- _Task data_
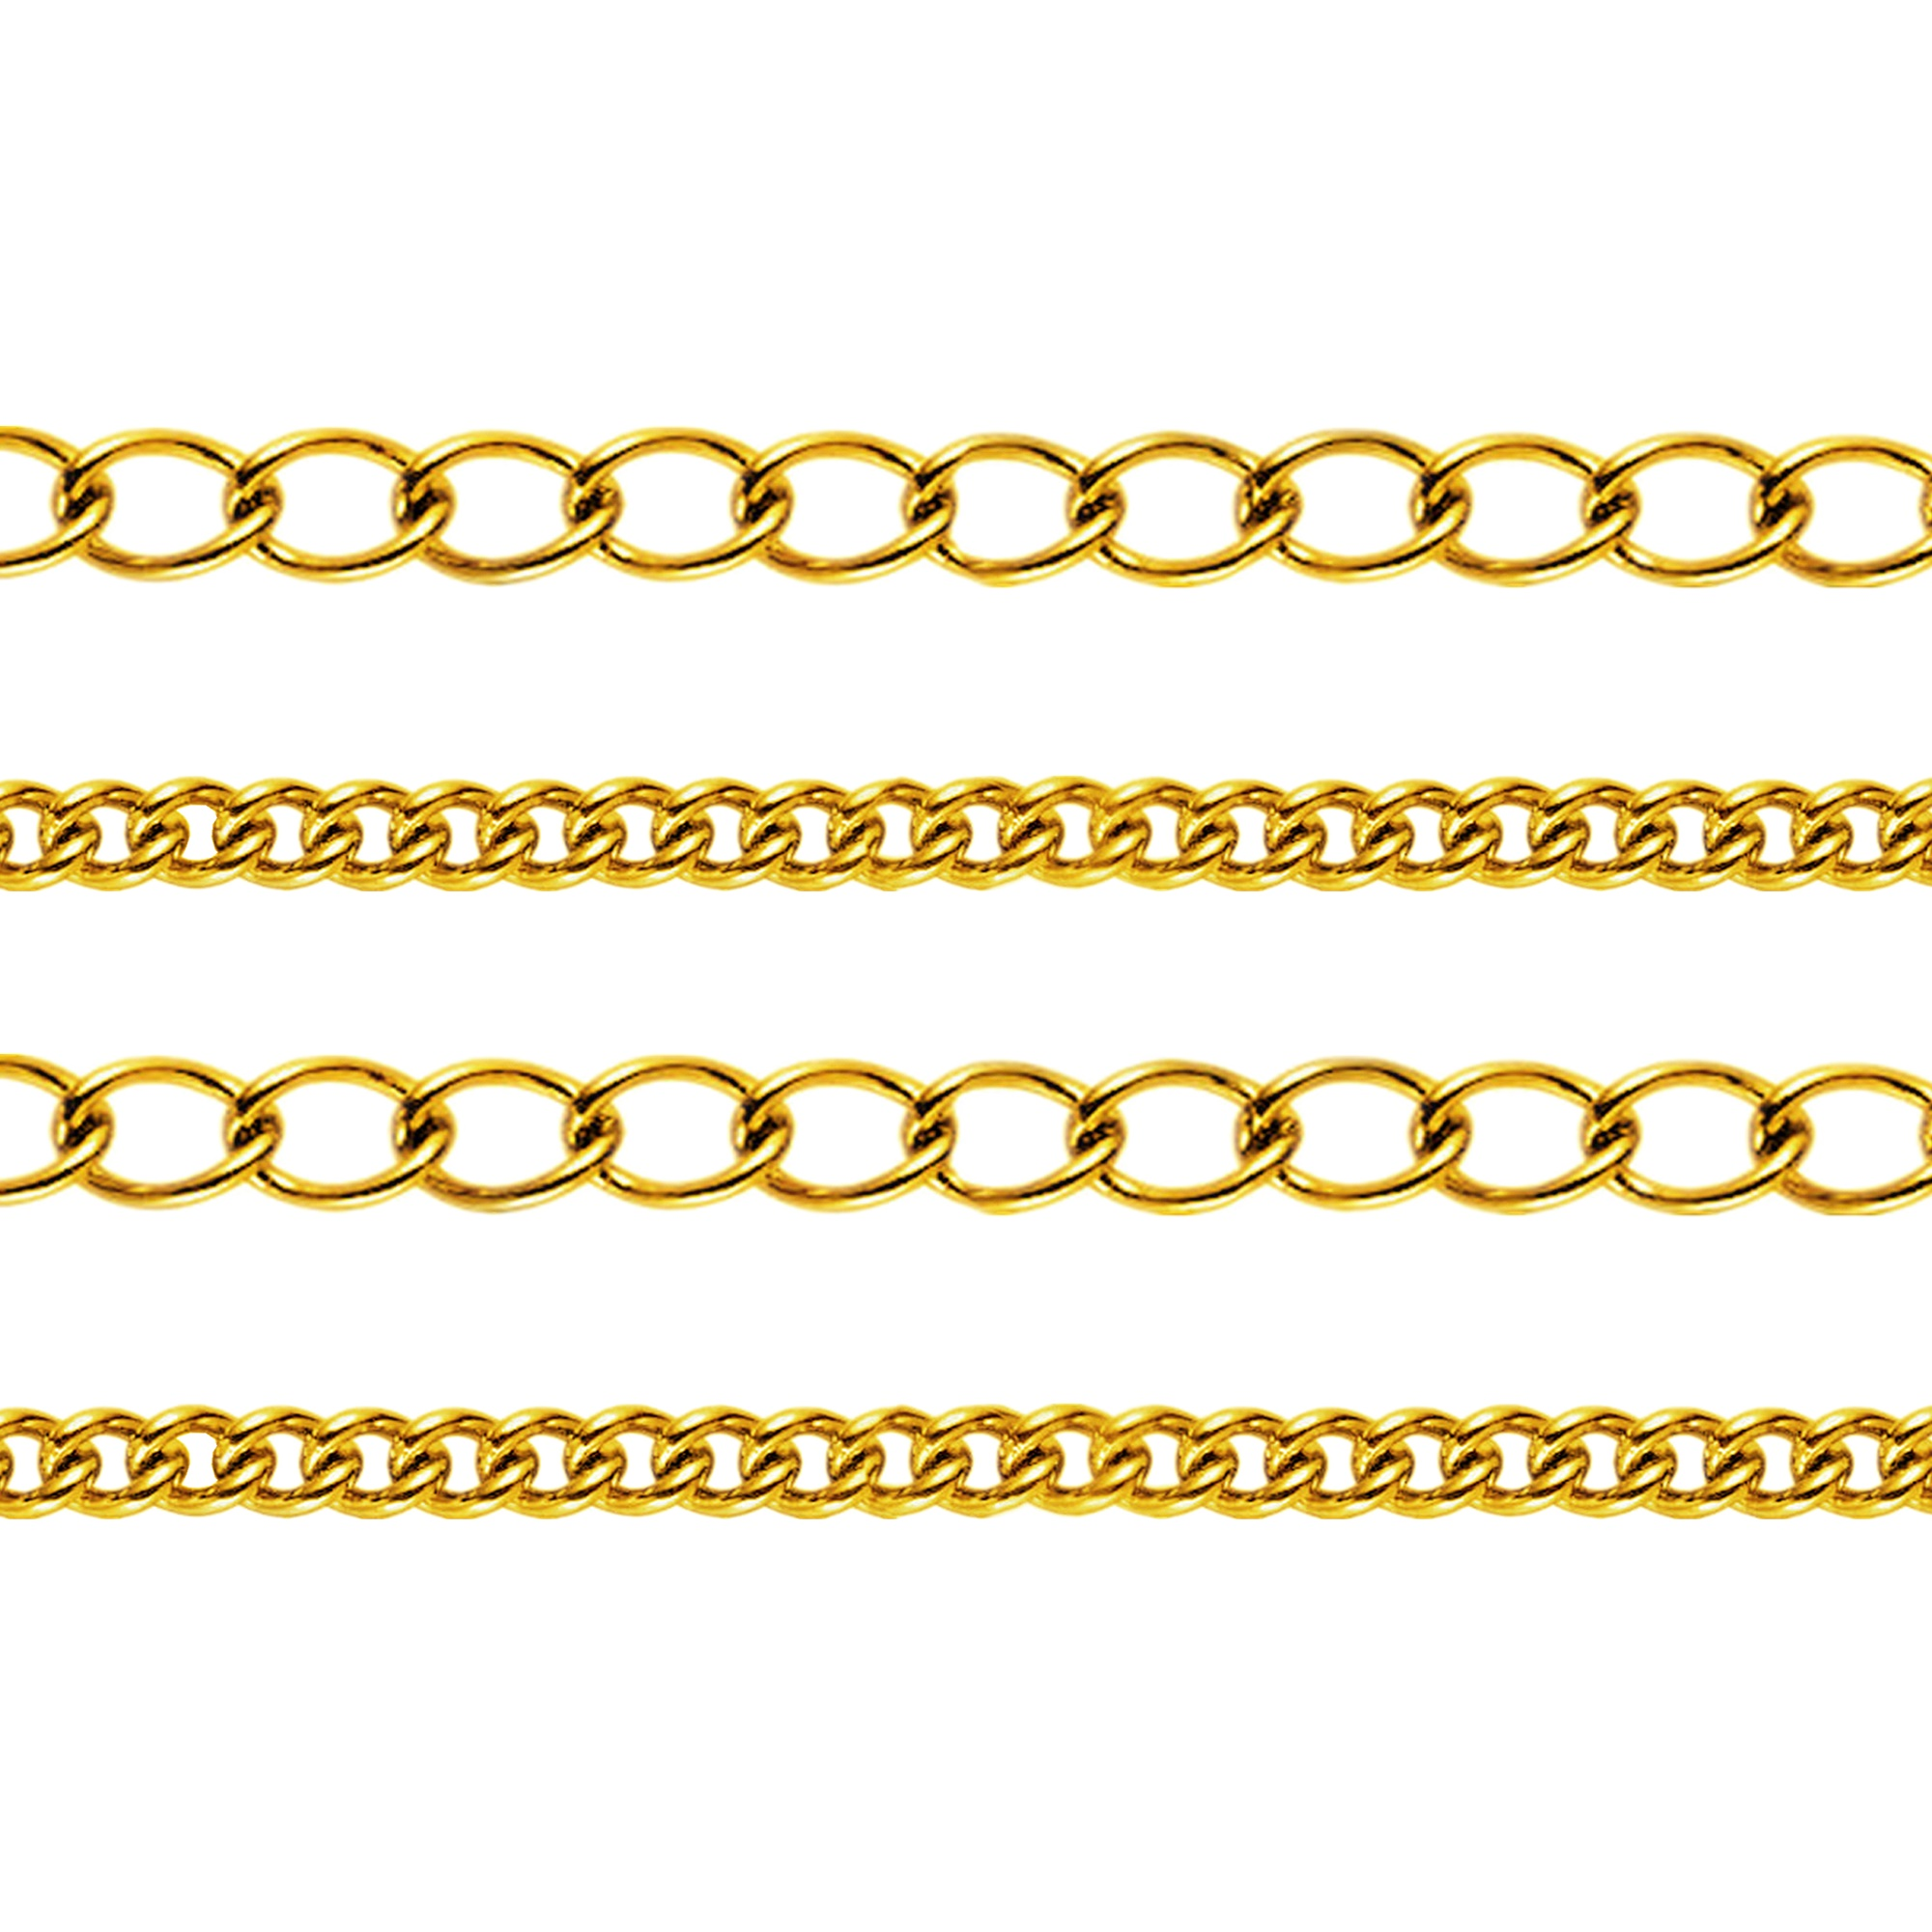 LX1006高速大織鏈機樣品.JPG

--

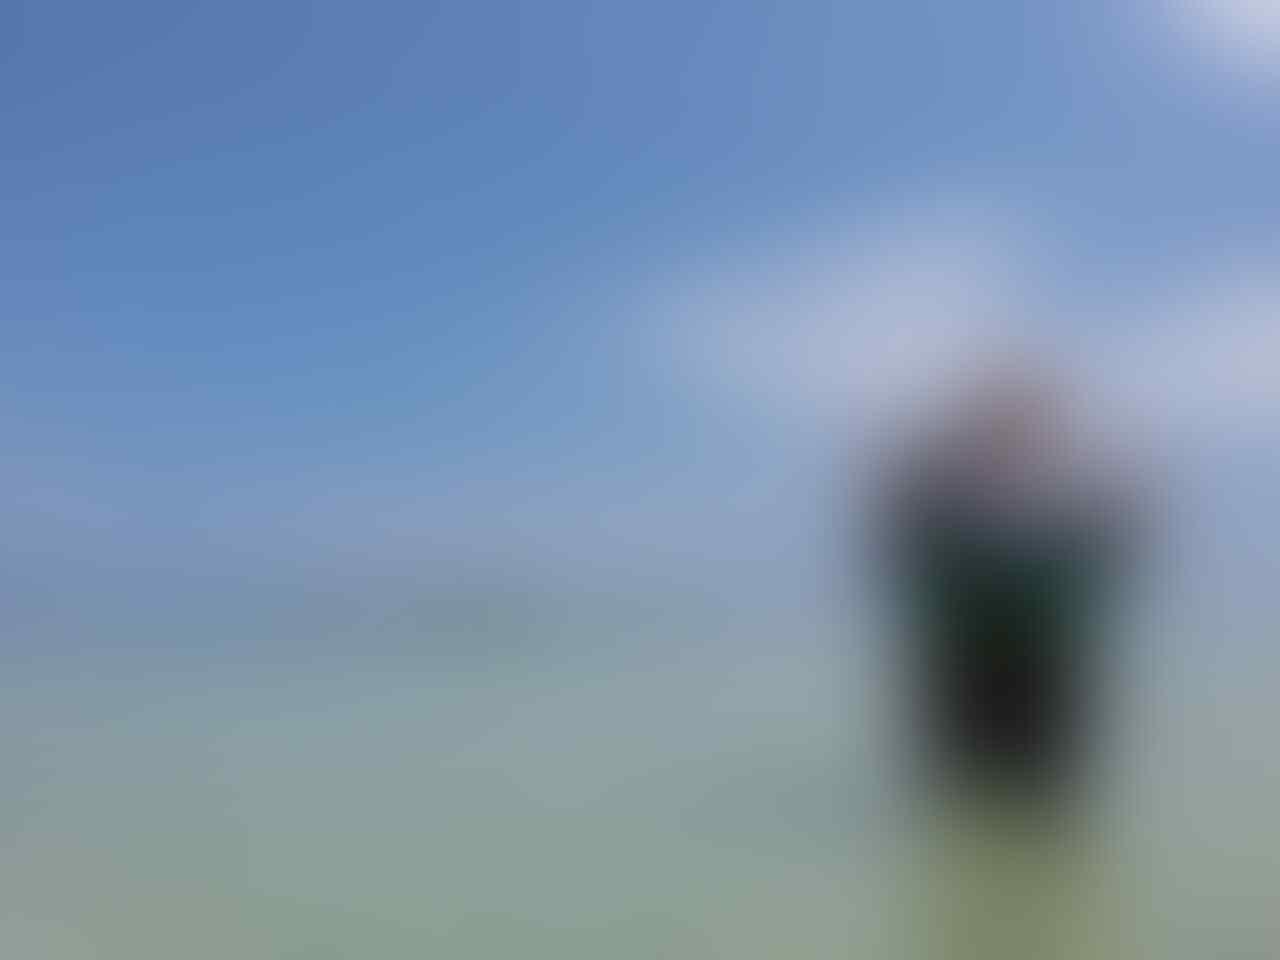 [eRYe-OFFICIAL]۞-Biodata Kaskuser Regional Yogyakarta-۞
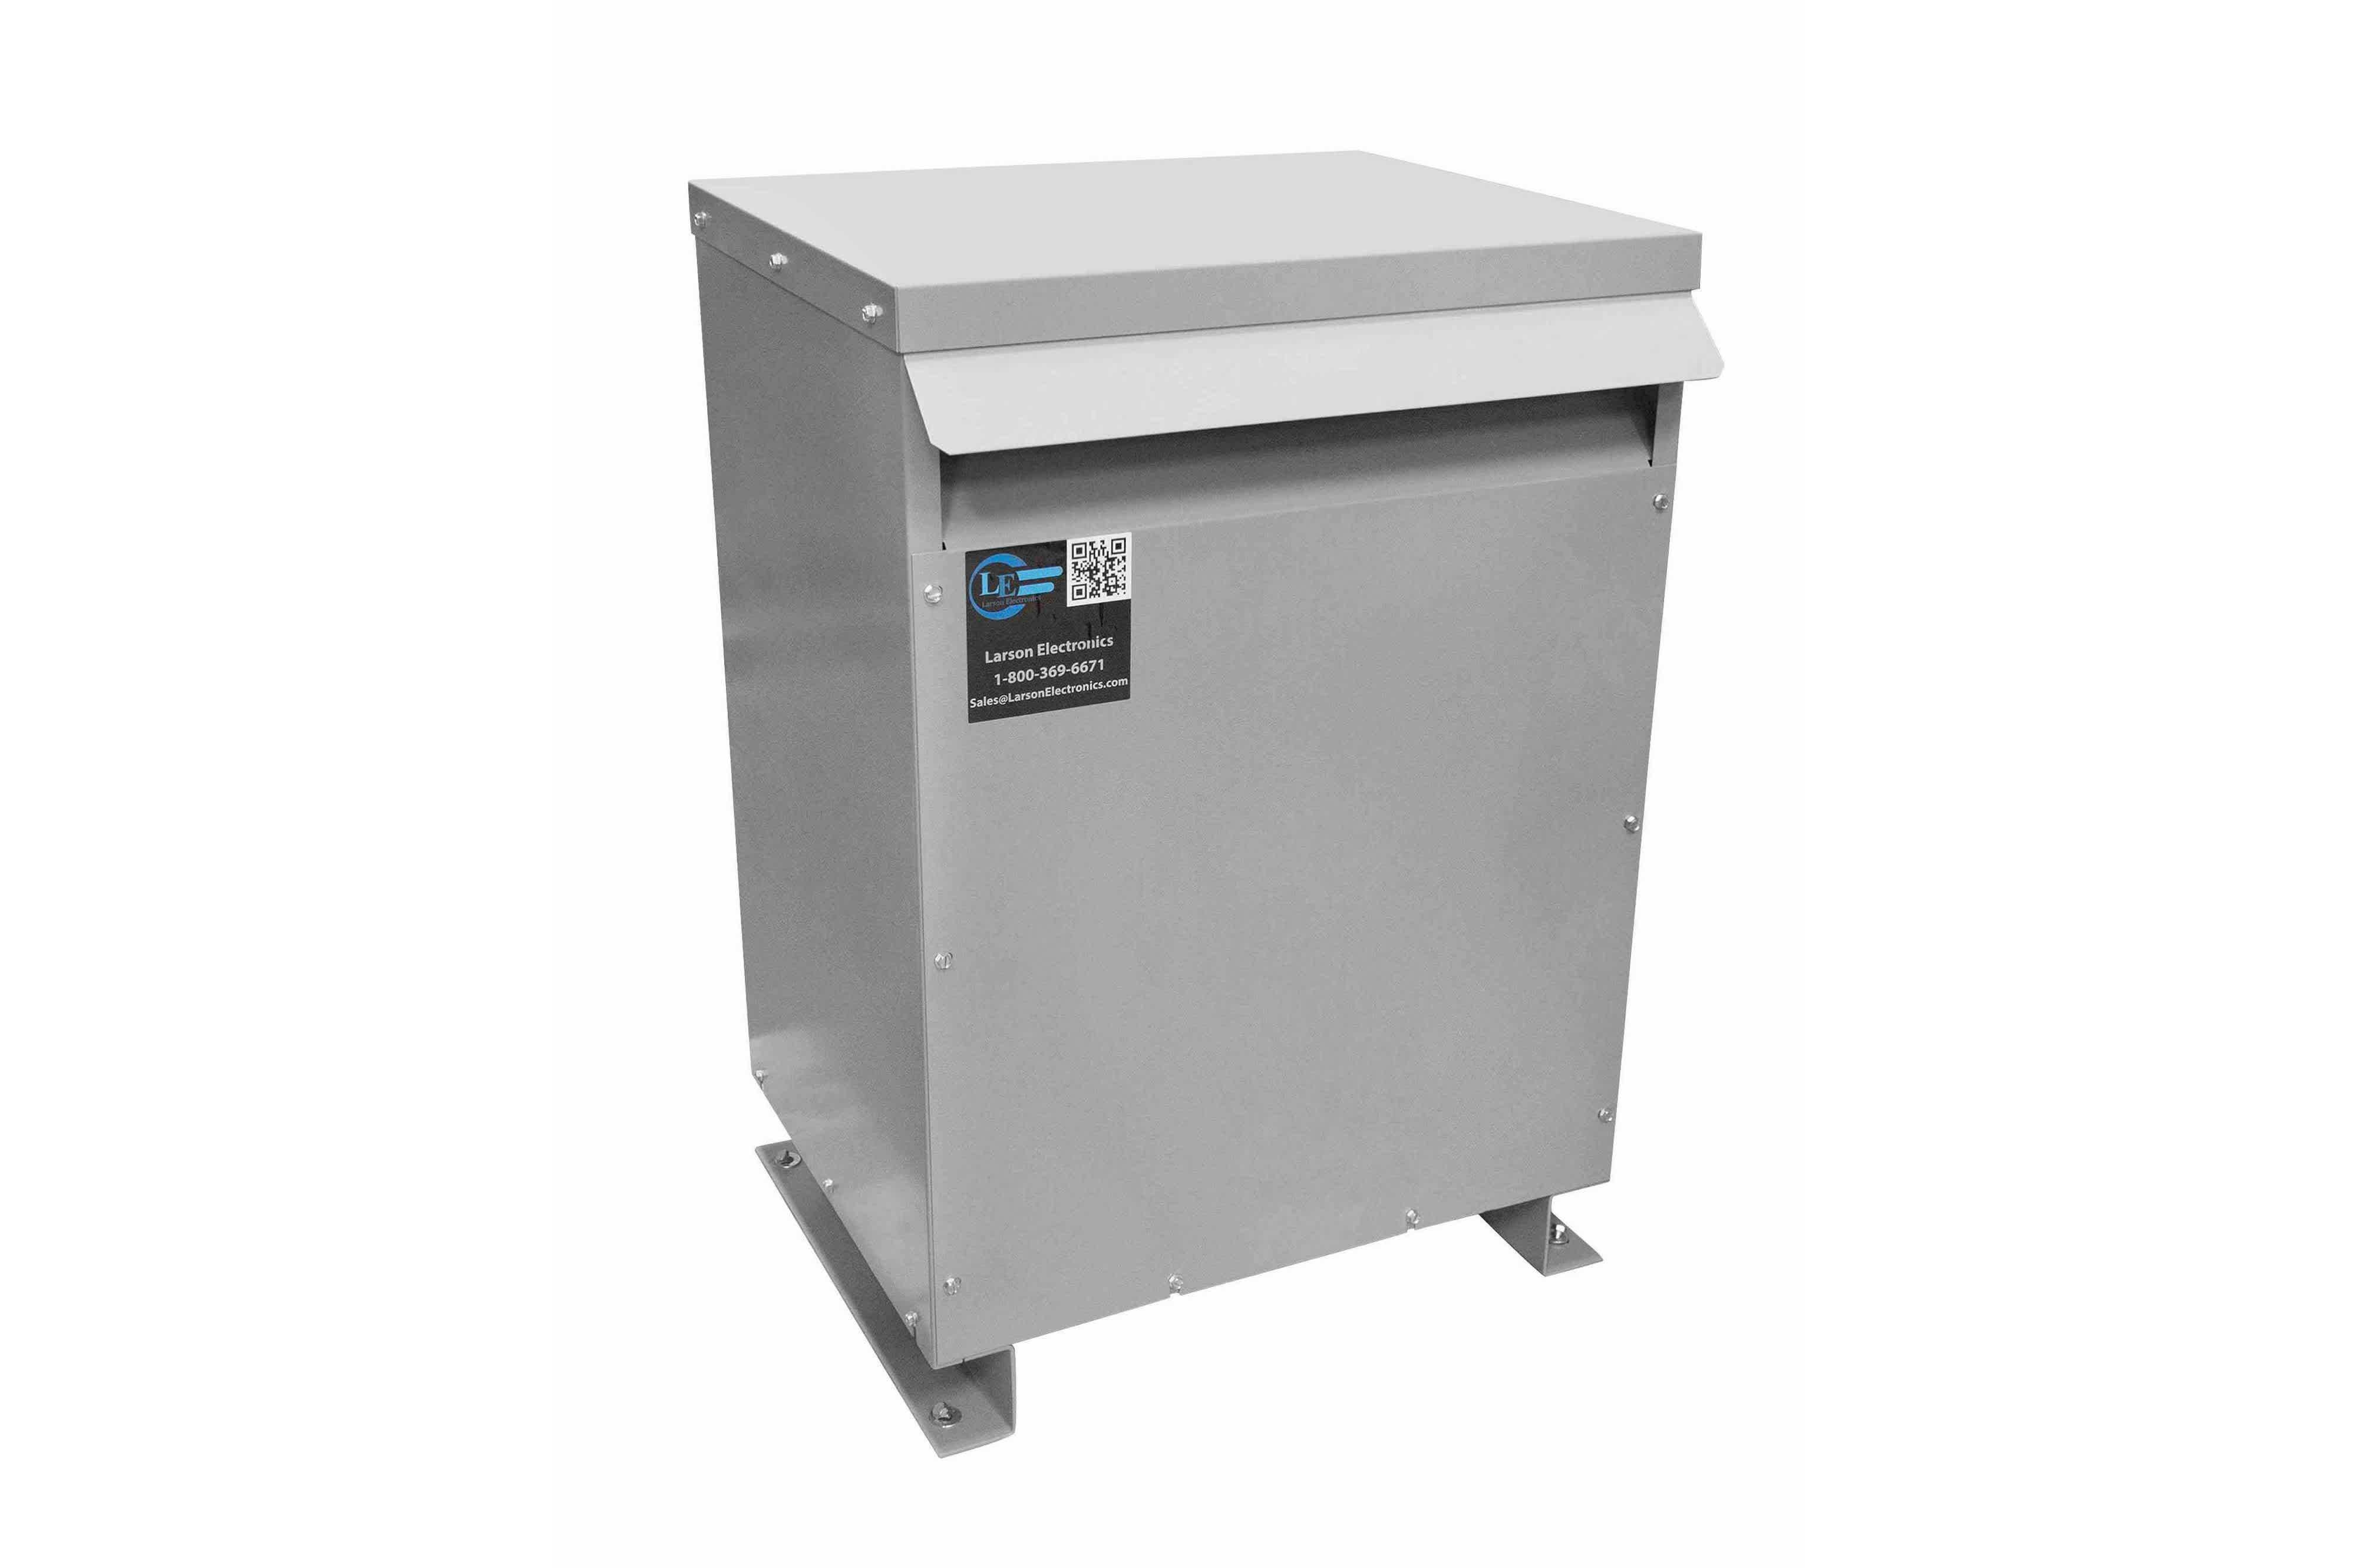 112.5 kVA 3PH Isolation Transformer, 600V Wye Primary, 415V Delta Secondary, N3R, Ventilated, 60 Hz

- _To do_
Your reply is to be an exact repeat of the listing above from the line holding "[eRYe-OFFICIAL]۞-Biodata Kaskuser Regional" down to the line holding "112.5 kVA 3PH", ends included, pictures excluded.

- _Solution for this exercise_
 [eRYe-OFFICIAL]۞-Biodata Kaskuser Regional Yogyakarta-۞
 112.5 kVA 3PH Isolation Transformer, 600V Wye Primary, 415V Delta Secondary, N3R, Ventilated, 60 Hz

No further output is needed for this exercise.